If you want a decent hash, why not try CRC32? You should be able to find implementations with your favorite search engine...
Advertisement
Hashing algorithms do not produce unique values. That would be a translation algorithm such as translating a string of character digits to an integer representation. Hashing algorithms produce an index of an entry in a hash table. The hash table is basically a pointer to a list of all values that have hashed to that index. A linked list or array could be viewed as a hash table with one entry. The main thing is to choose a size for the hash table. Then your goal is to develop an algorithm that will evenly distribute the entries across that table. A simple algorithm is a table with 26 entries and using the first character of the string. That assumes the first character has to be alphabetic. Since it is a hashing algorithm you can hash both upper and lower case to the same entry. Now if all of your strings start with ''A'' then that isn''t a good algorithm. Generally a better algorithm is to treat the string as an array of integers, sum them and do a modulus divide by the number of entries in the table.
Keys to success: Ability, ambition and opportunity.
Well, thanks for the run-down of hashing algorithms, but if you read my problem description, that''s not what I need. I guess I was slightly mistaken on the meaning of "hash".

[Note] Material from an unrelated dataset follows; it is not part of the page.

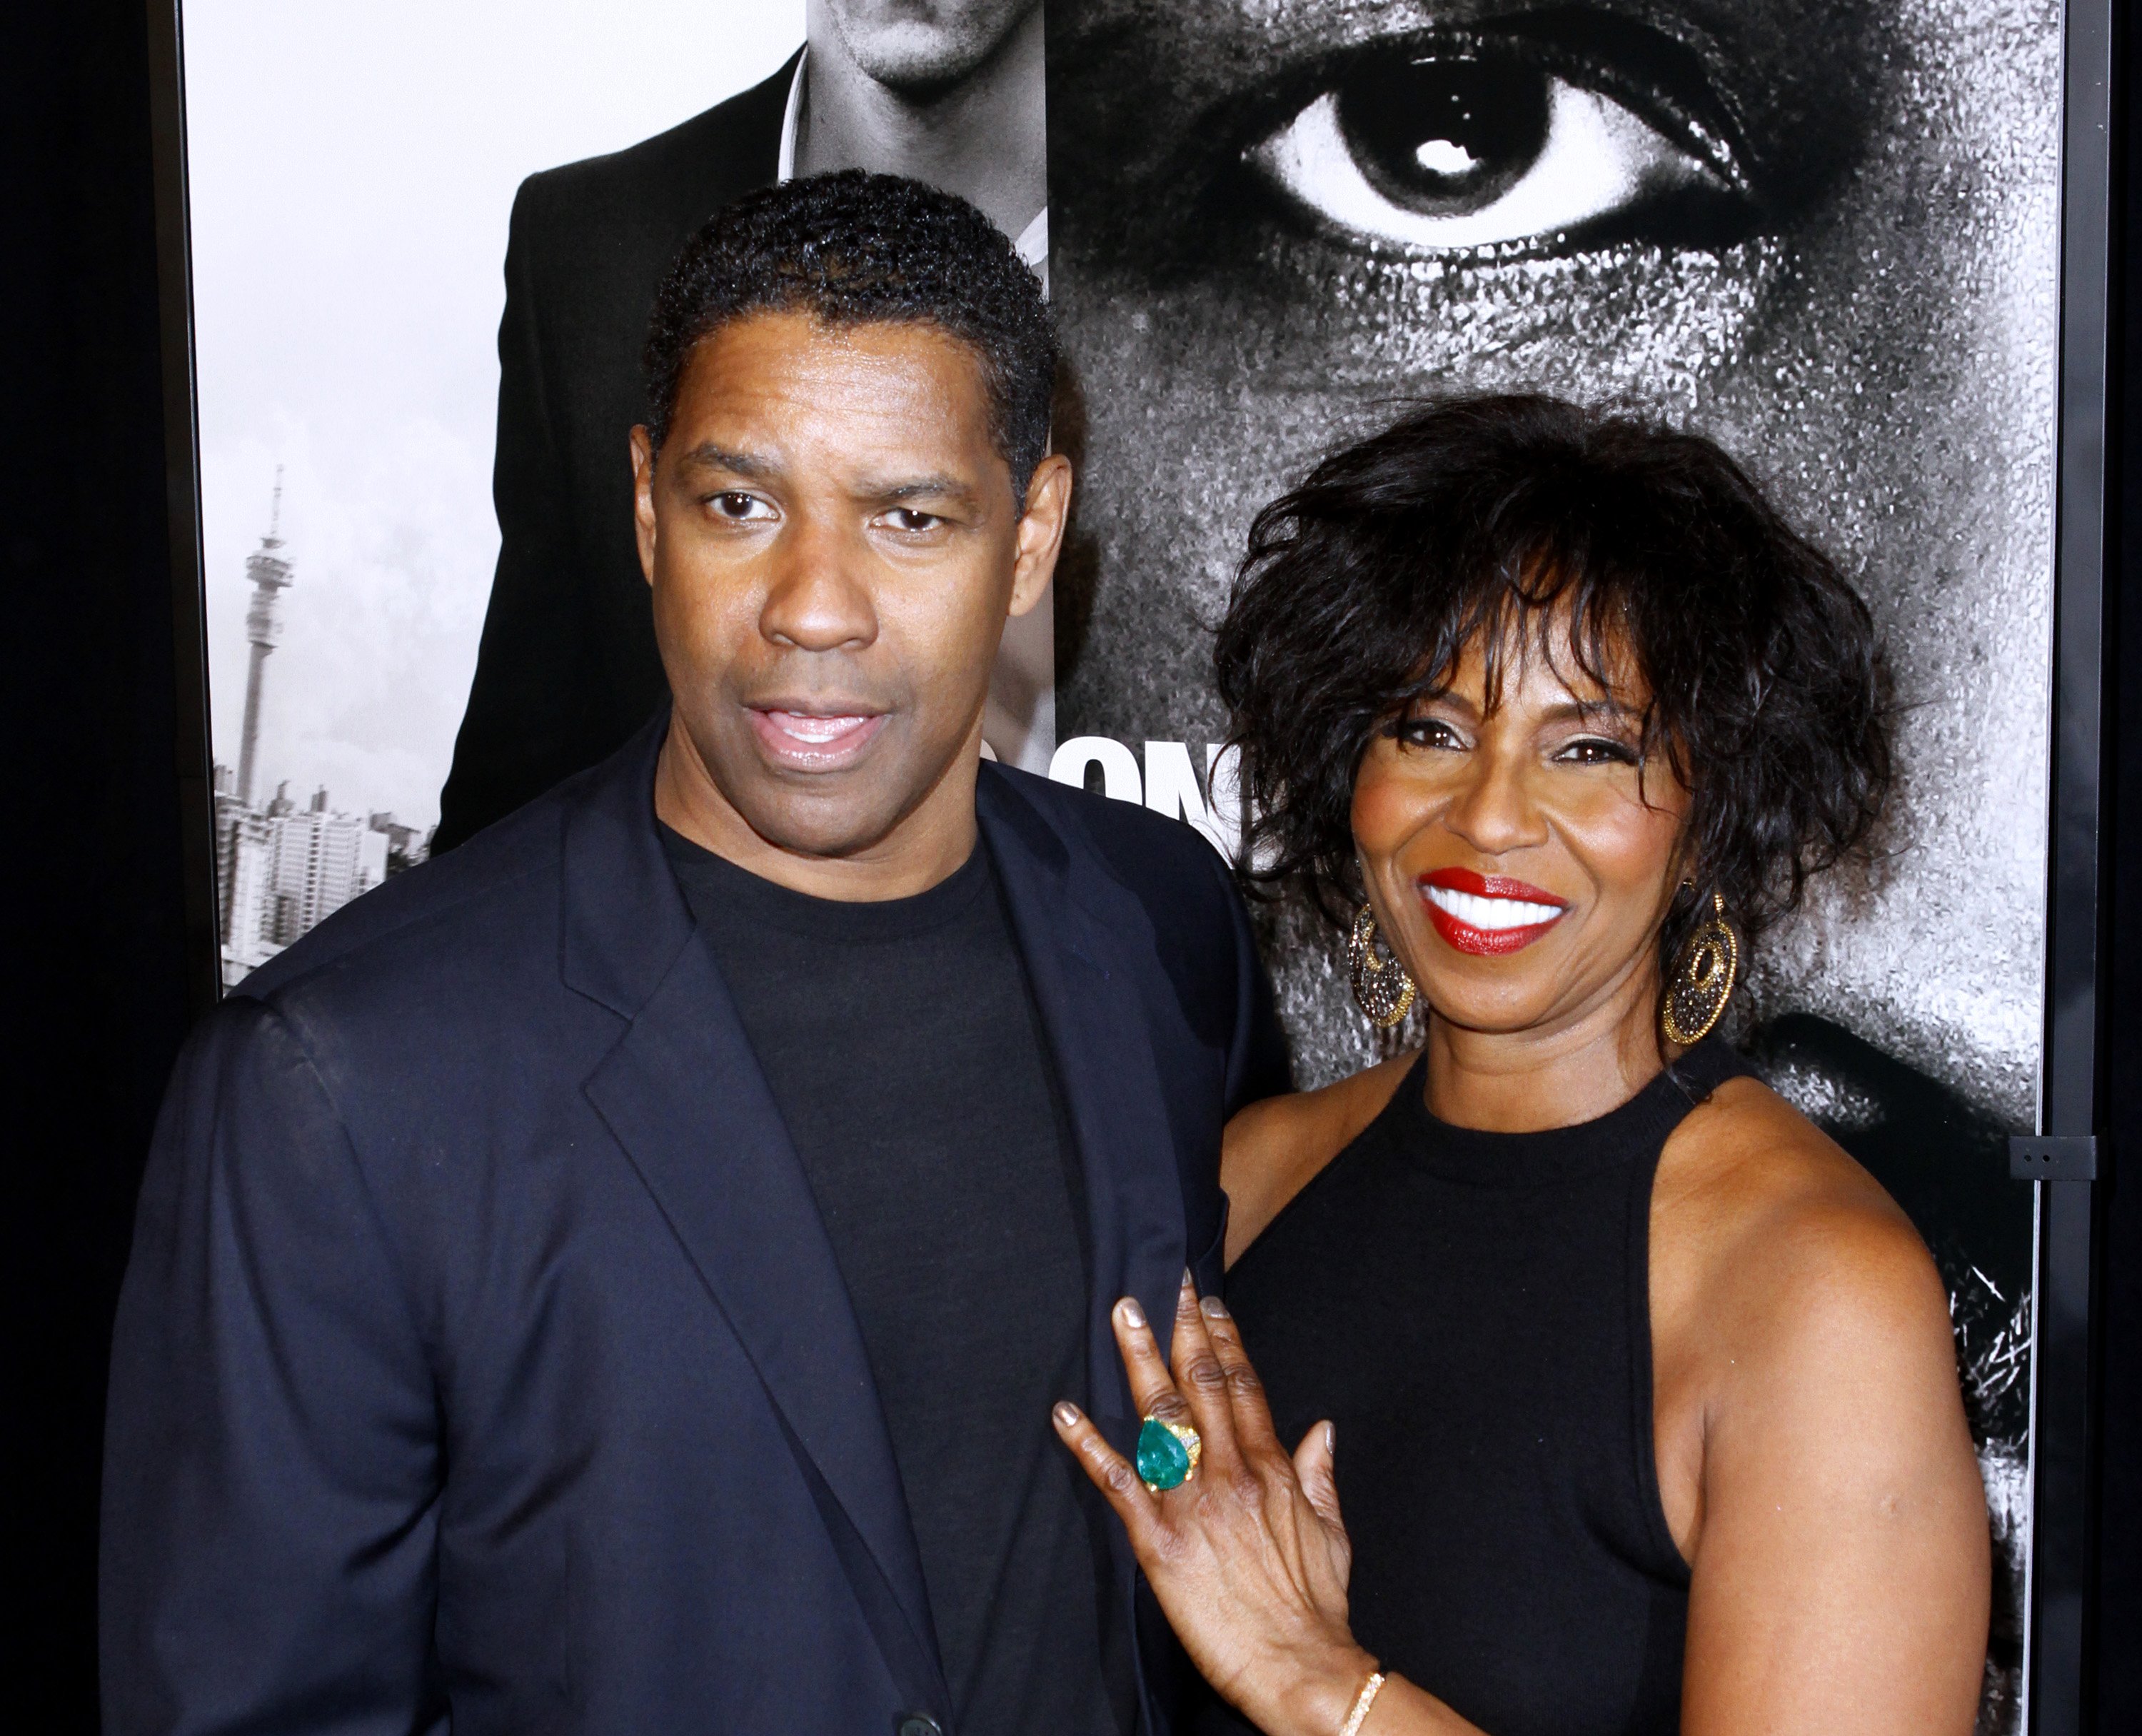 Denzel Washington and Pauletta Washington at the "Safe House" premiere in 2012 | Source: Getty Images

Well, anyway, I need to convert a string containing a legal Win9x/2000/ME filename to something just as unique but that can be compared more quickly during a search of loaded resources (preferably an unsigned int), assuming that one run of the algorithm takes less time than 10 or so stricmp()s of strings greater than 10 characters in length.

I''ll look for CRC32, but that might be overkill for this situation...
quote: Original post by LilBudyWizer
Hashing algorithms do not produce unique values.


Yes and no. You can''t pick some random hash algorithm off the street and expect it to work on your data set without collisions. However, knowing your data set, you can come up with perfect hashes where no collisions occur.

quote:
Generally a better algorithm is to treat the string as an array of integers, sum them and do a modulus divide by the number of entries in the table.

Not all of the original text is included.